Der Story liegt aber auch ein grundlegendes Logikproblem zugrunde,
weil wichtige TNG-Ereignisse rund um Data und die anderen
Soong-Androiden aus Soongs Perspektive nacherzählt werden müssen.
Soong ist immer in der Nähe oder lässt sich informieren, wenn
irgendetwas mit seinen Schützlingen passiert, greift aber nie ein,
selbst in brenzligen Situationen nicht. Außerdem bringt das
Nacherzählen von TV-Episoden dem Roman vermeidbare Längen ein.

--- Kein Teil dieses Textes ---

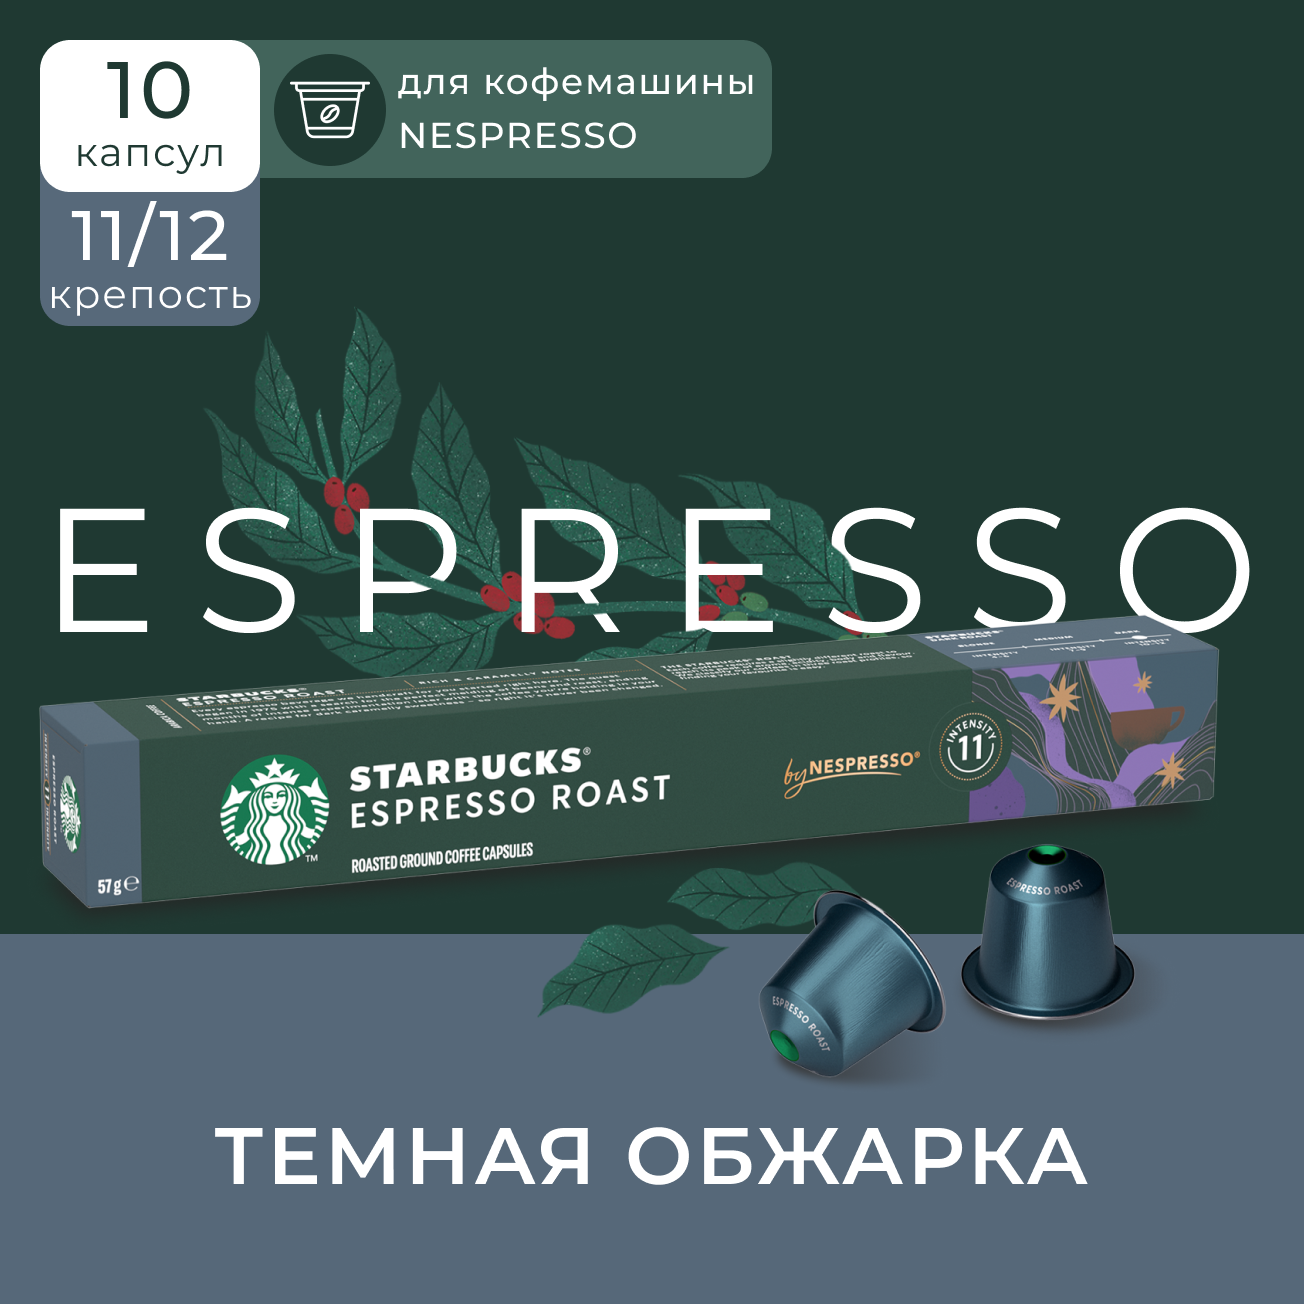 Кофе в капсулах Starbucks Nespresso Capsules Espresso, Старбакс в капсулах для кофемашины Неспрессо, эспрессо, 10 штук

Das Ende ist leider recht unbefriedigend. Unnötigerweise wird noch
ein Actionplot aufgemacht, um Soong sterben lassen zu können. Man
trifft auf eine Androidenarmee, die von Lore und den ihm ergebenen
abtrünnigen Borg erschaffen wurde (TNG
"Descent"). Was für sich
schon weit hergeholt wirkt, wird kurz darauf wieder relativiert,
weil die Androiden nur halb funktionsfähig sind. So darf Soong die
Armee dann im richtigen Moment besiegen, indem er sie einfach
neustartet - er bleibt halt ein Androidengenie.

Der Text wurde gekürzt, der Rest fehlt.